The index theorem for elliptic operators on a closed Riemannian manifold by Atiyah and Singer has many applications in analysis, geometry and topology, but it is not suitable for a generalization to a Lorentzian setting.
In the case where a boundary is present Atiyah, Patodi and Singer provide an index theorem for compact Riemannian manifolds by introducing non-local boundary conditions obtained via the spectral decomposition of an induced boundary operator, so called APS boundary conditions. Bär and Strohmaier prove a Lorentzian version of this index theorem for the Dirac operator on a manifold with boundary by utilizing results from APS and the characterization of the spectral flow by Phillips. In their case the Lorentzian manifold is assumed to be globally hyperbolic and spatially compact, and the induced boundary operator is given by the Riemannian Dirac operator on a spacelike Cauchy hypersurface. Their results show that imposing APS boundary conditions for these boundary operator will yield a Fredholm operator with a smooth kernel and its index can be calculated by a formula similar to the Riemannian case.

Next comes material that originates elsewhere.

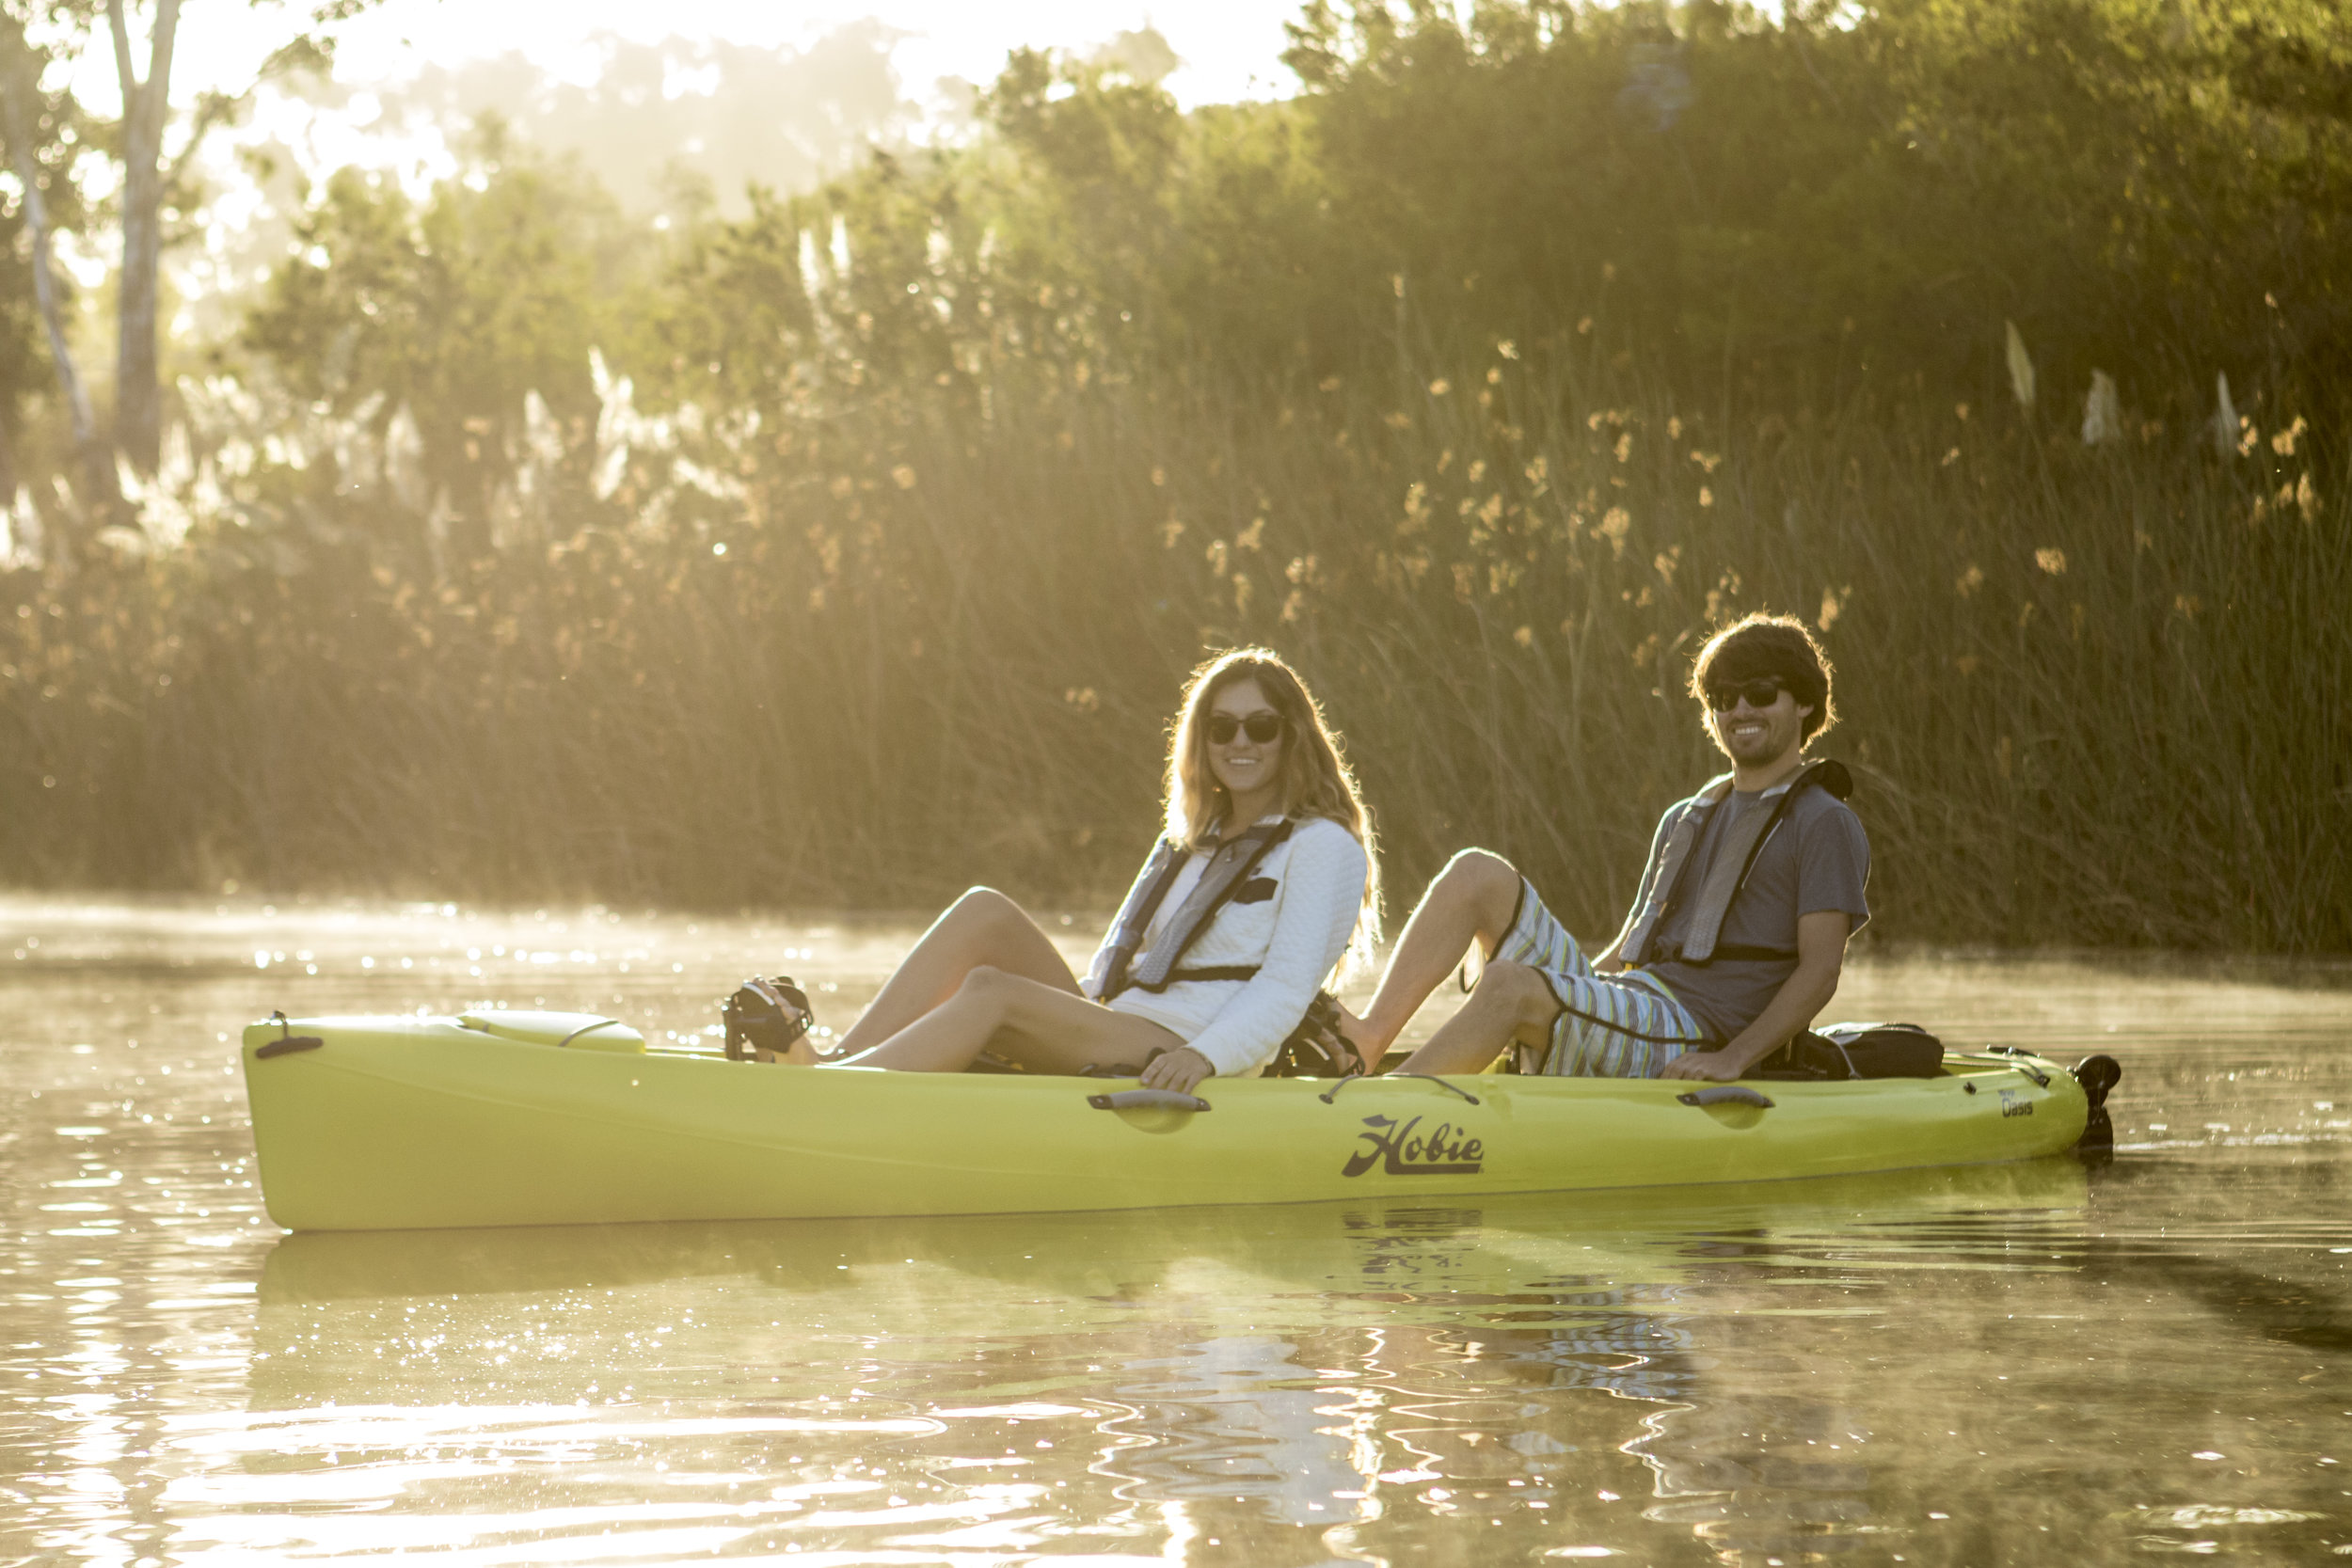 Oasis_action_sunrise_seagrass_JT_couple_lake.jpg

Back in the Riemannian setting, Bär and Ballmann provide an analysis of the most general kind of boundary conditions that can be imposed on a first order elliptic differential operator that will still yield regularity for solutions as well as Fredholm property for the resulting operator. These boundary conditions can be thought of as deformations to the graph of a suitable operator mapping APS boundary conditions to their orthogonal complement.

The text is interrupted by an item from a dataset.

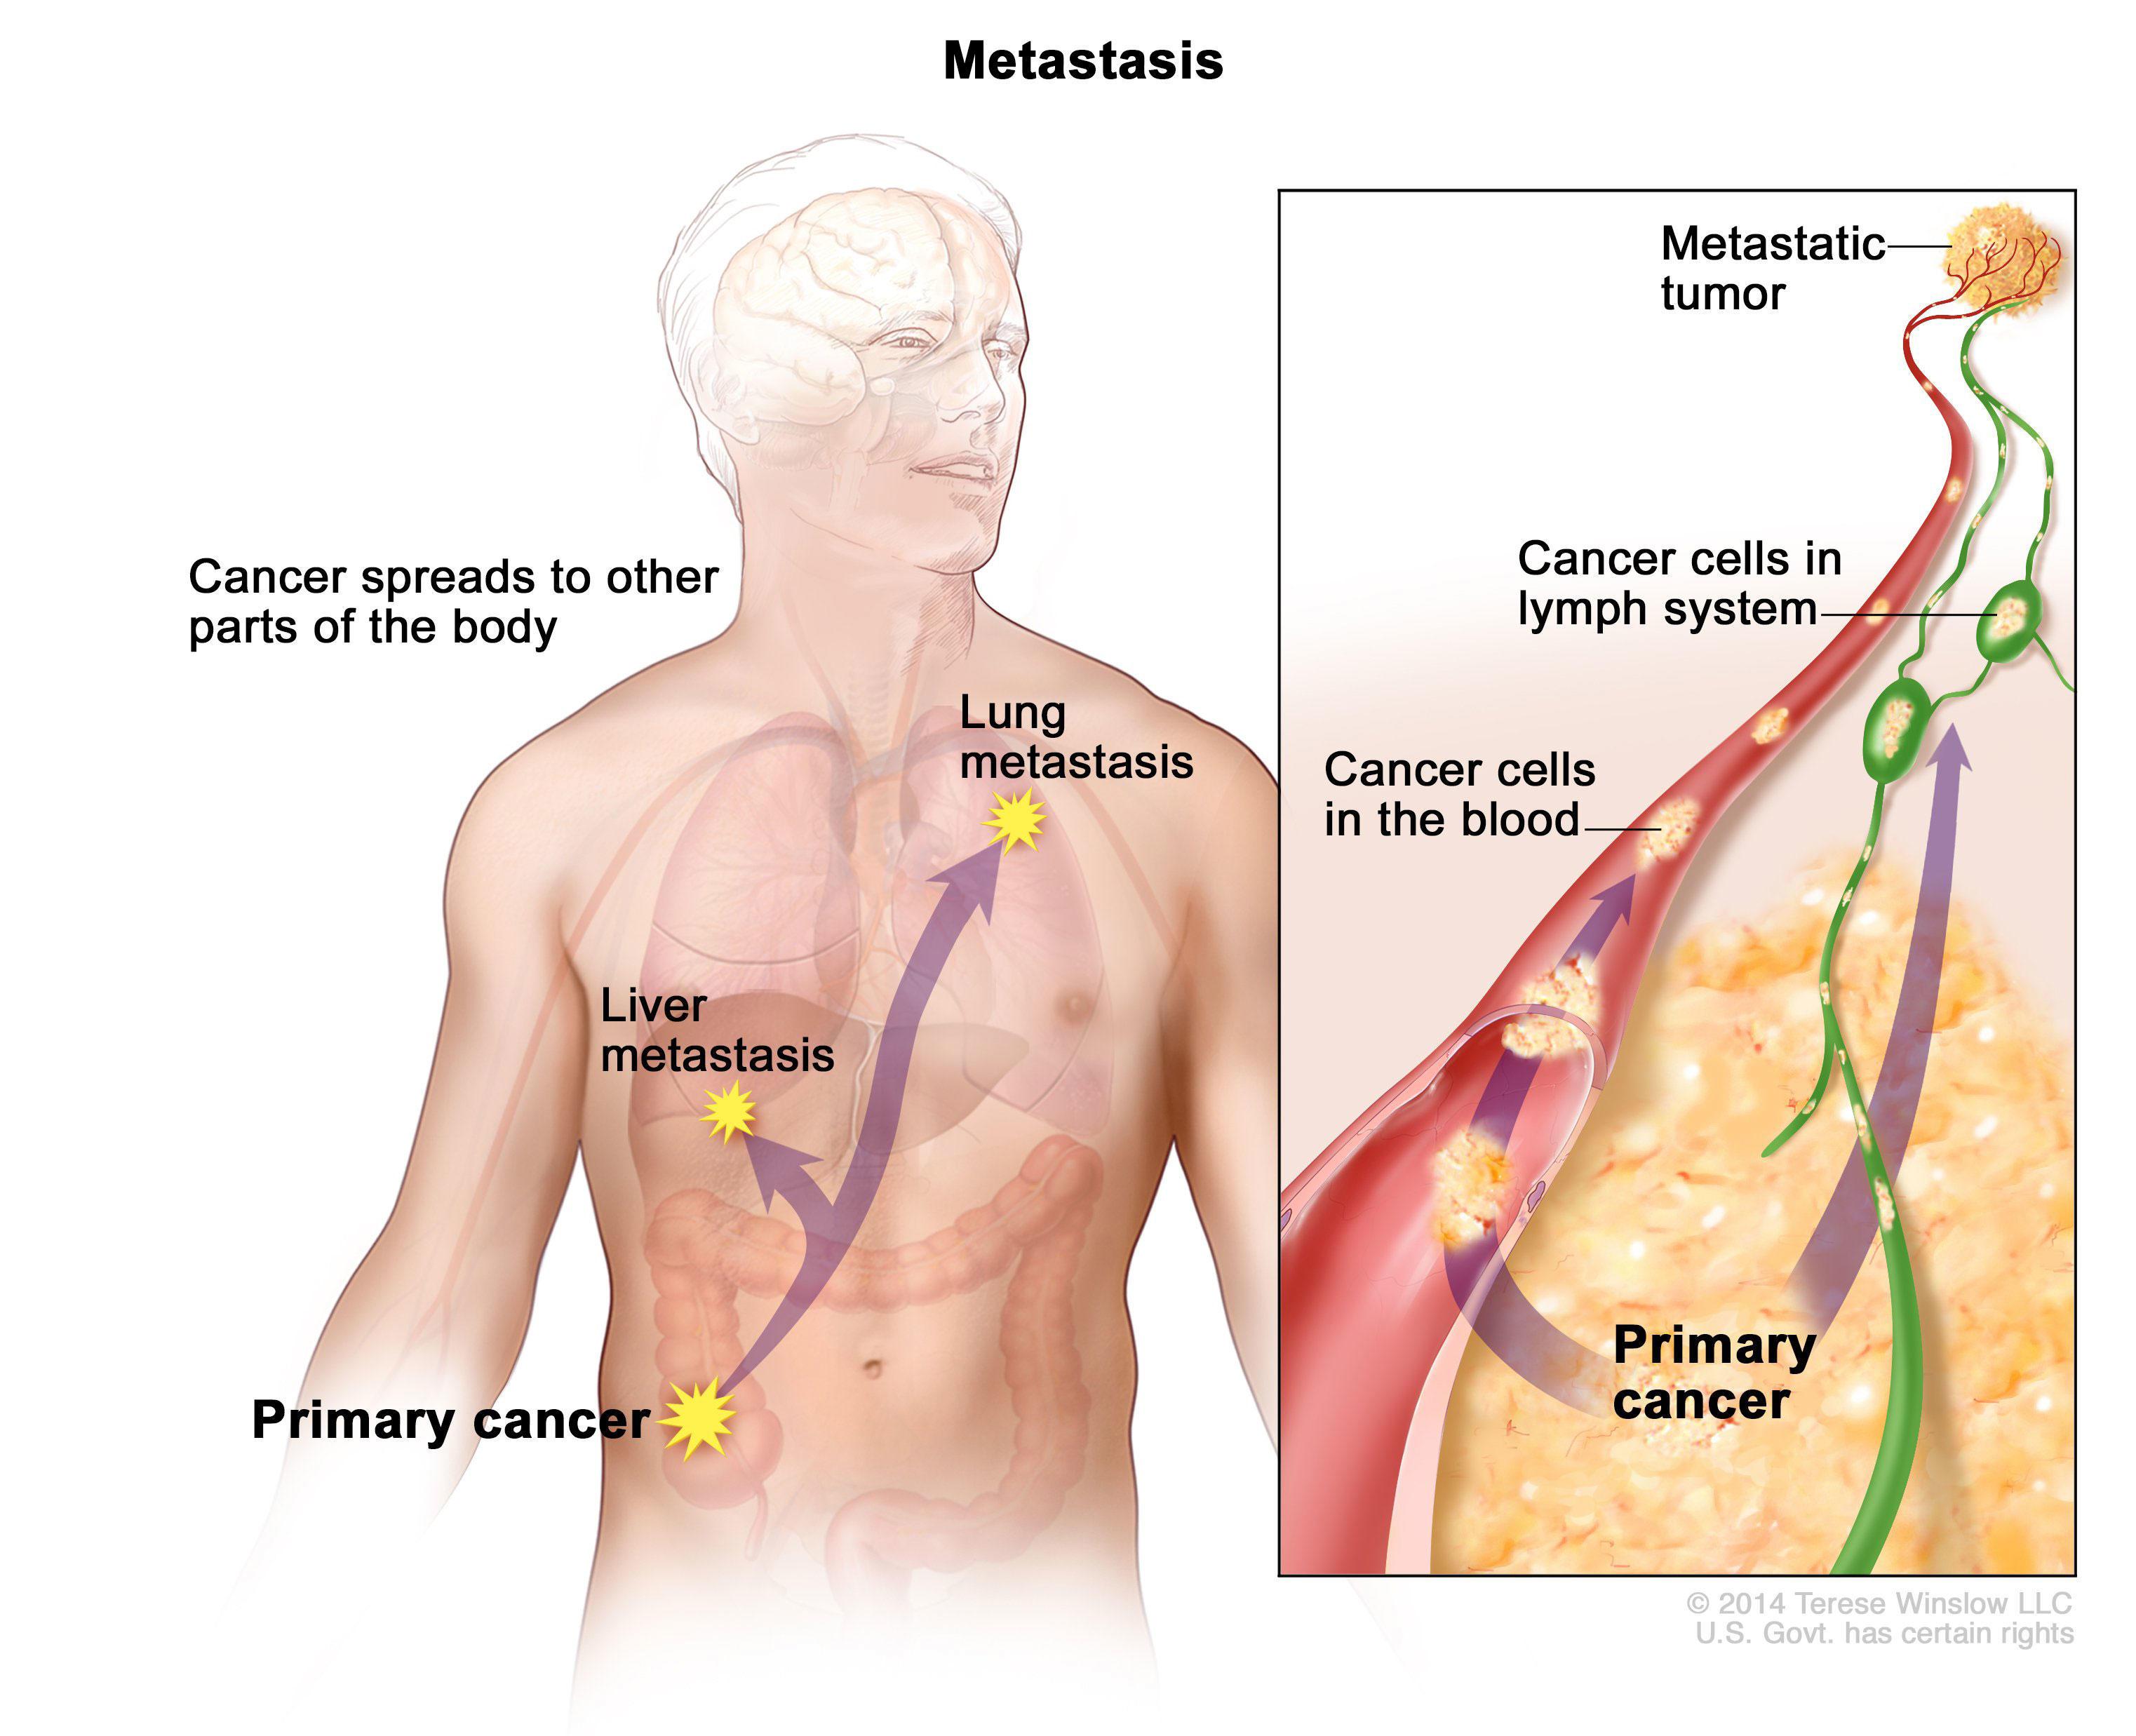 metastatic cancer of the colon symptoms

This thesis aims at applying the boundary conditions found by Bär and Ballmann to a Lorentzian setting to understand more general types of boundary conditions for the Dirac operator, conserving Fredholm property as well as providing regularity results and relative index formulas for the resulting operators. As it turns out, there are some differences in applying these graph-type boundary conditions to the Lorentzian Dirac operator when compared to the Riemannian setting. It will be shown that in contrast to the Riemannian case, going from a Fredholm boundary condition to its orthogonal complement works out fine in the Lorentzian setting. On the other hand, in order to deduce Fredholm property and regularity of solutions for graph-type boundary conditions, additional assumptions for the deformation maps need to be made.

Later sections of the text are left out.